It seemed as though it would never come. Only a couple of weeks ago, in late November, I took this picture of blackberry blossom, the brambles fooled into a second bloom by the absurdly warm winter.
The warmth followed several weeks of heavy winds and rain, and the memory of the historically hot summer combined with each successive wave of extreme weather to build a feeling of apocalyptic disorder. The climate disaster we know to be true on an intellectual level is becoming a process we are experiencing.
For the past week, though, winter has settled in, with sub-zero temperatures and a sense, when it is my turn to do the evening dog walk, that snow is an imminent possibility. And it is beautiful. We are unlikely to actually get snow on the Island – that happens only when the cold comes from the East, and this cold air is coming from the North, according to the forecasters – but we have had at least five days of cold, clear air, bright sun, and the most wonderful night skies that have given way to heavy frosts that make the mornings as beautiful as the moonlit, frosted darkness.

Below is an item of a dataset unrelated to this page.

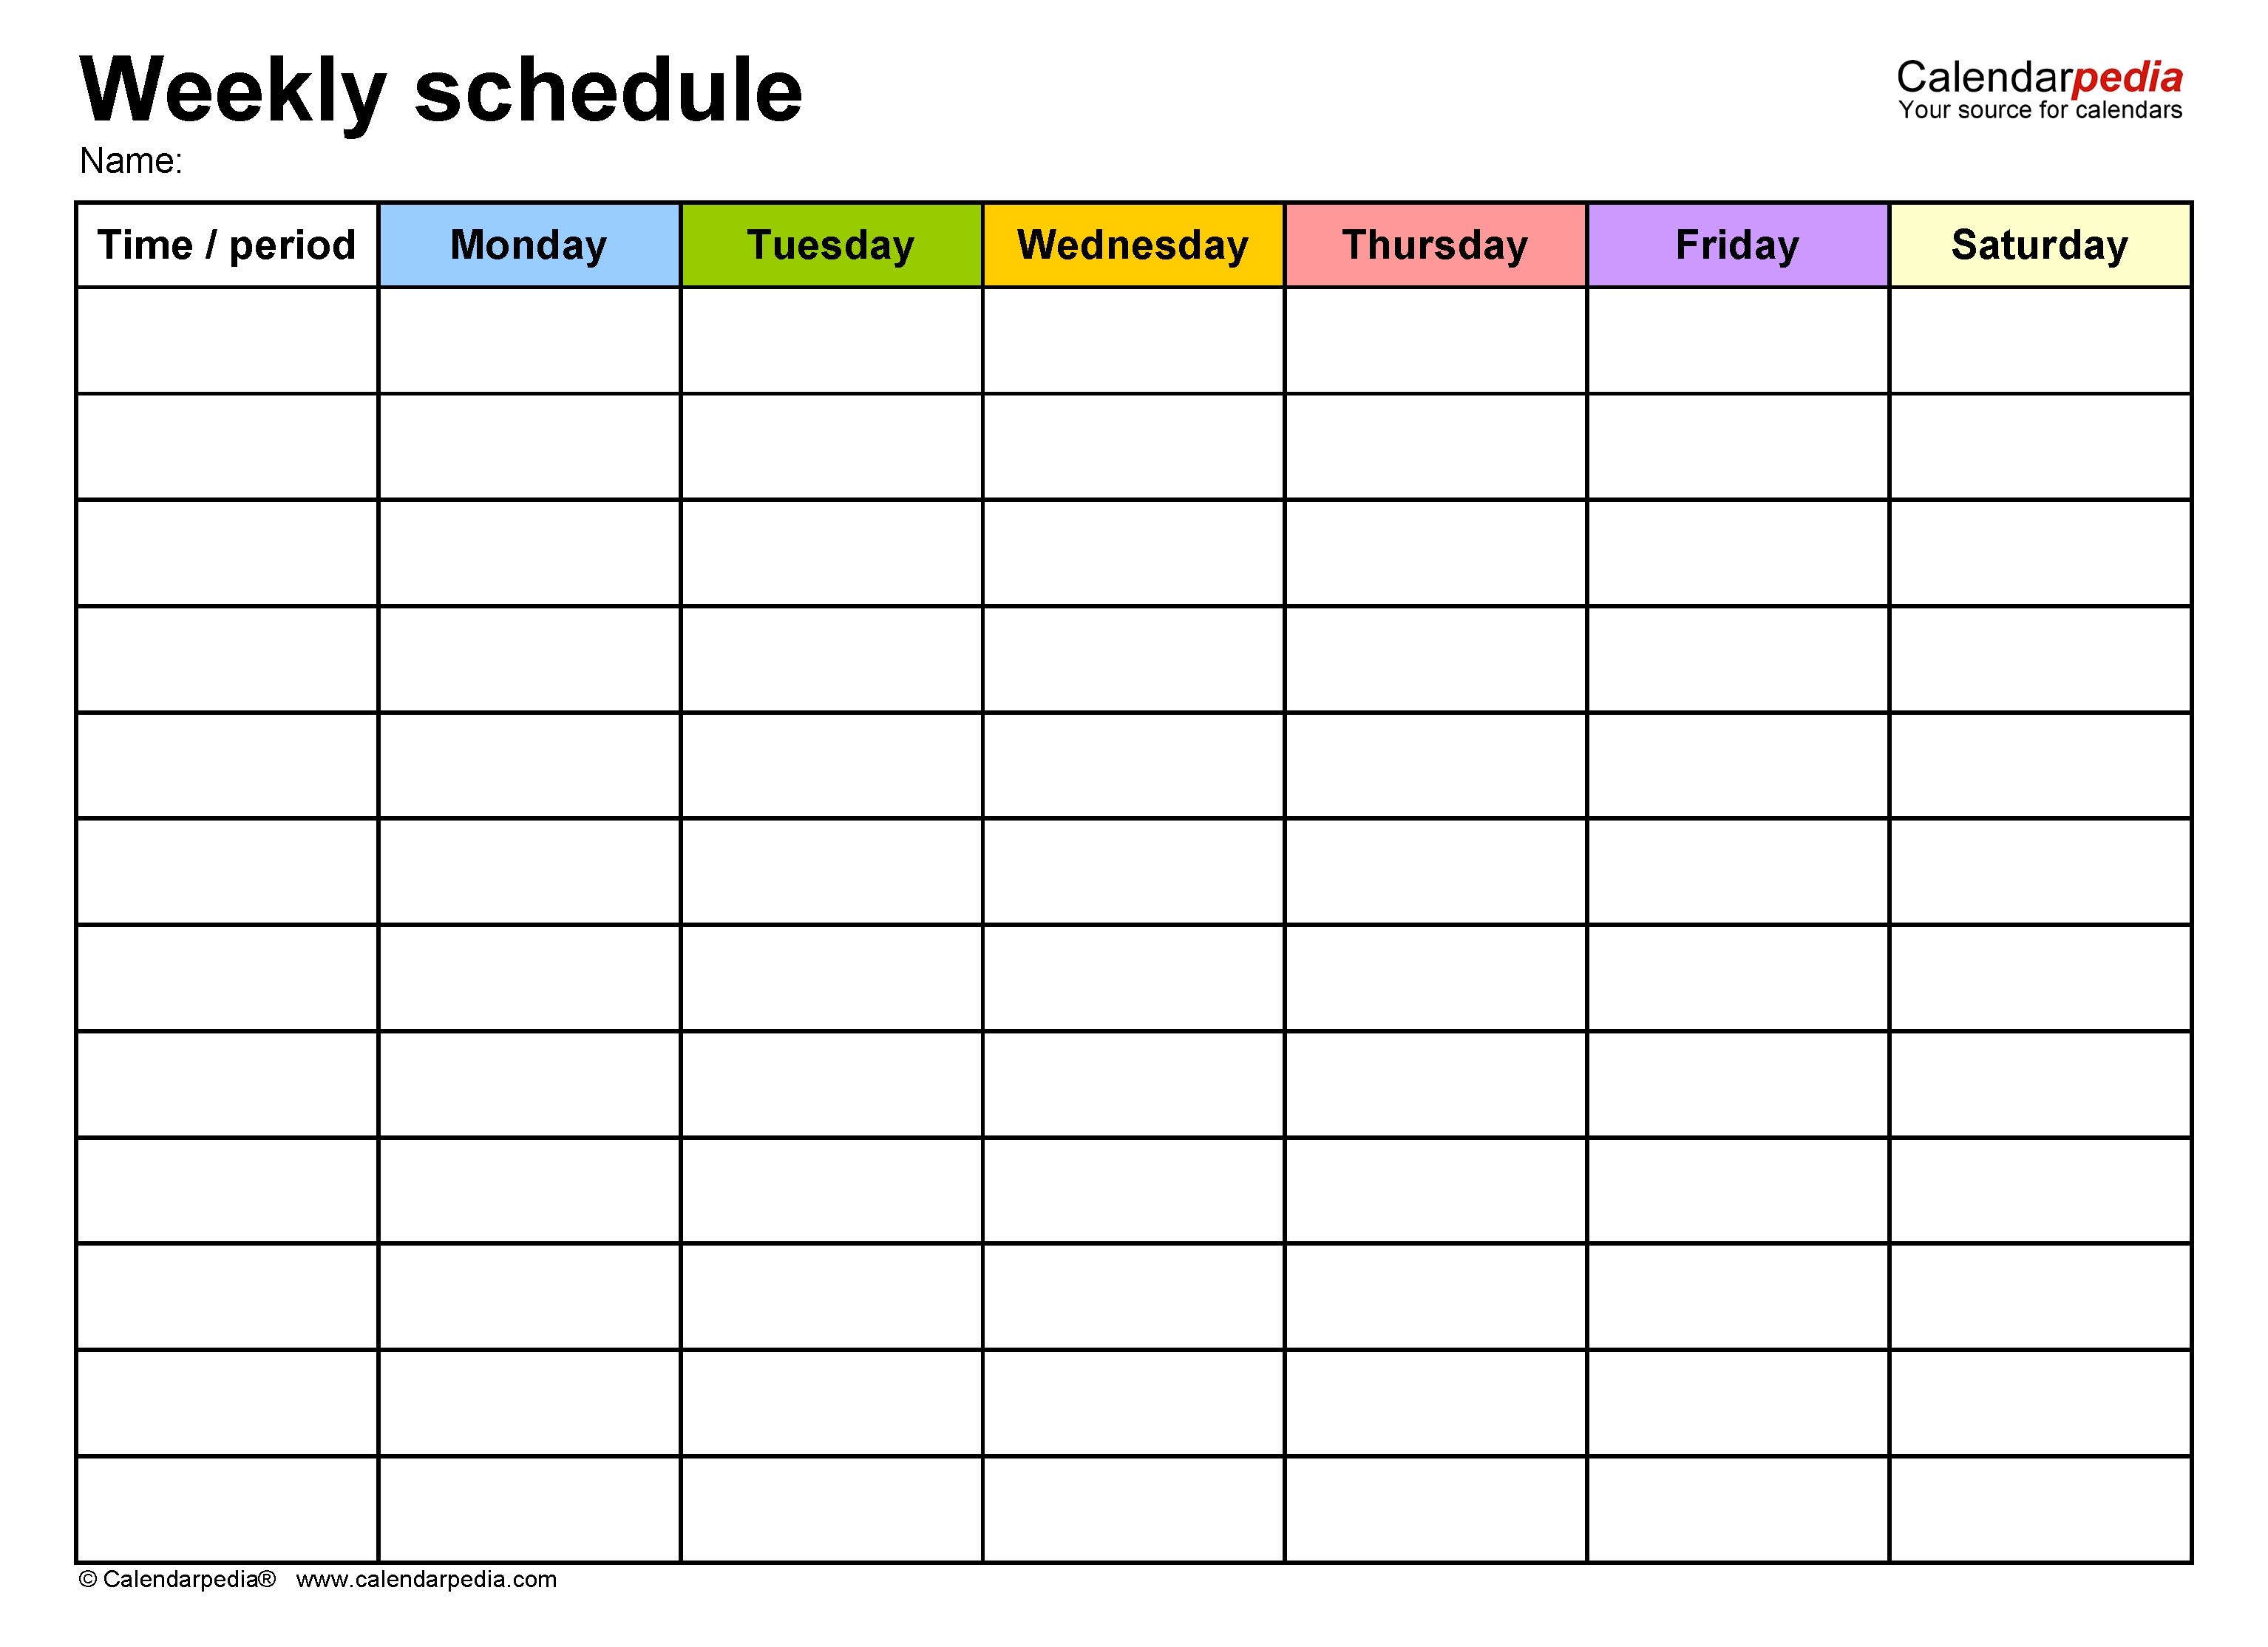 Free Weekly Schedule Templates For Word - 18 Templates  7 Day Weekly Chart Printable

I rode into town late this morning to do some shopping, although that could have waited. I just wanted the ride. Yesterday, I’d done my first shift as a rider for the new cargo-bike delivery company on the Island1, and had ridden the Cowes to Newport cycle path for work. Today, I rode it for pleasure. The wintry, white sun dazzled me all the way to Newport, the late-remaining leaves coloured the barren-looking trees and hedges, and the rotting barge, that has sat in the Medina for as long as I have ridden that path, looked newly-reborn, as if she could heal herself and take to the sea again.

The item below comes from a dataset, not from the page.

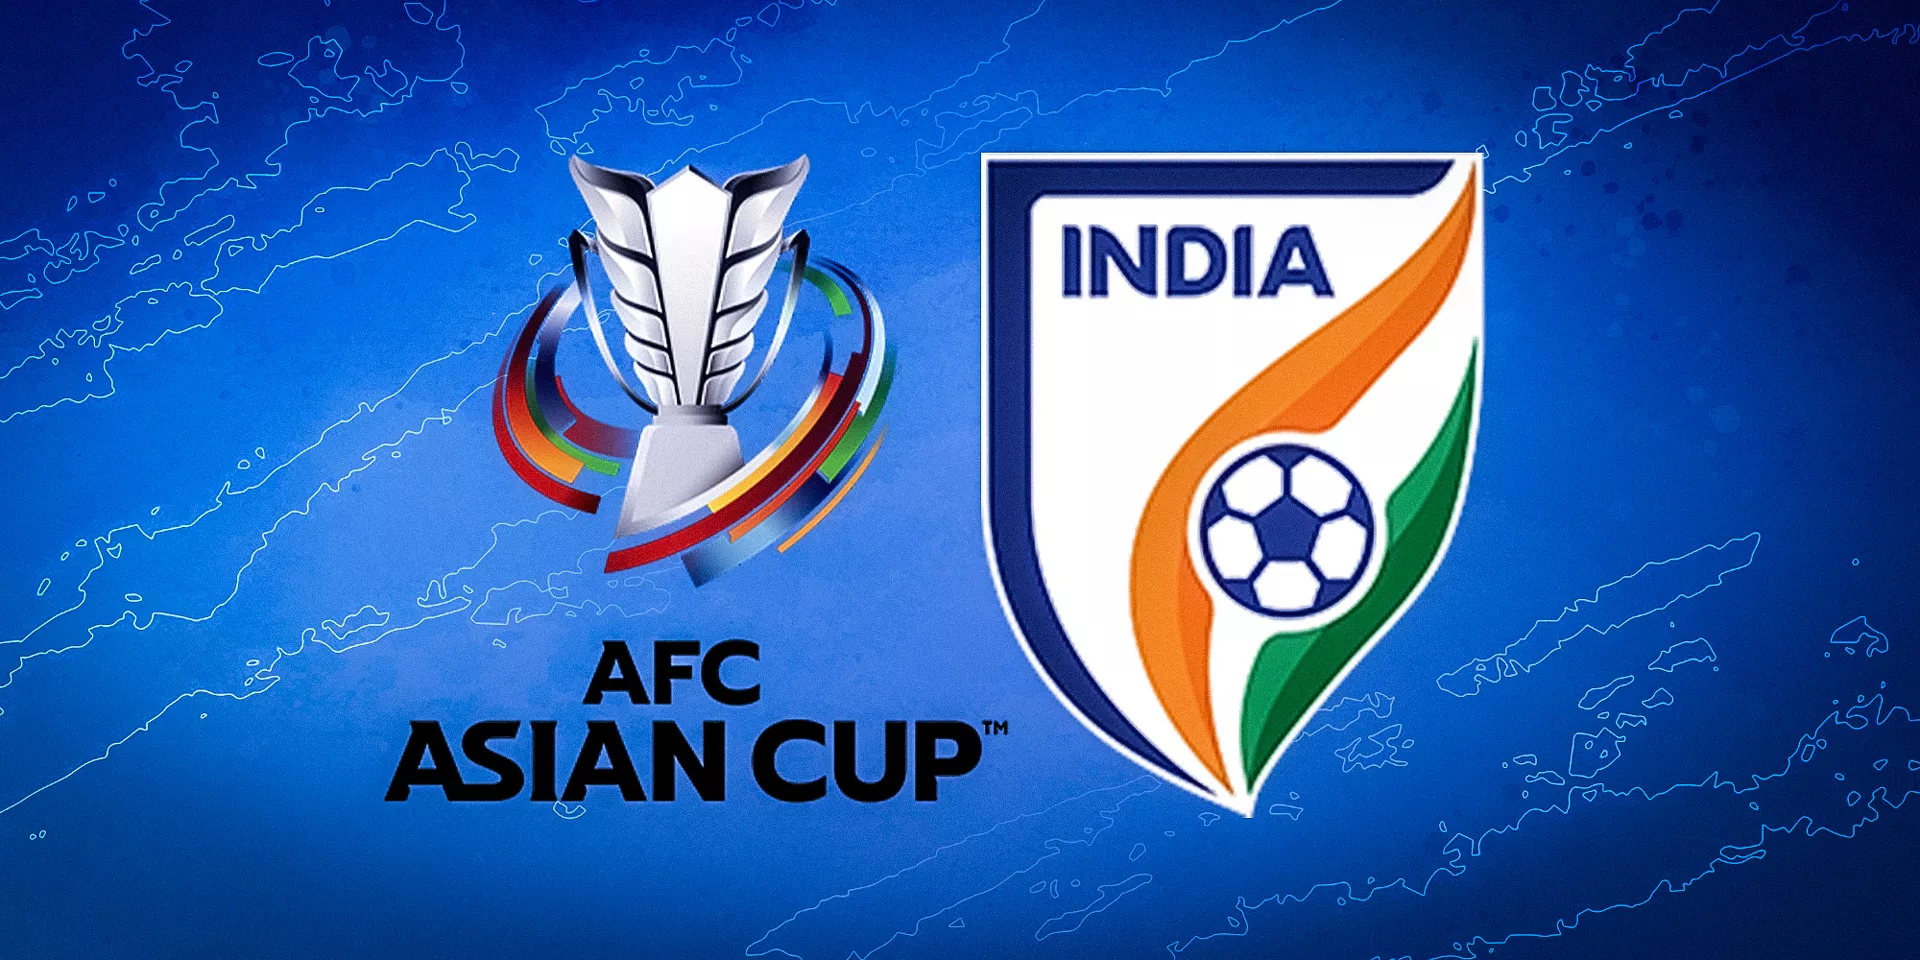 This will be the best edition of the tournament, asserts CEO of the AFC Asian Cup

On Wednesday, I tried to take a picture of her on my ride home from doing my teaching prep at County Hall. The view had been utterly stunning then, lit by an almost full moon that reflected upon the water as an ivory glow, the air as still as the moon. A lone bird chirruped in the dark as I struggled to take a steady image. Alas, my Fairphone is a good phone, but not a great camera, and I could only achieve this blurred, but still evocative, picture.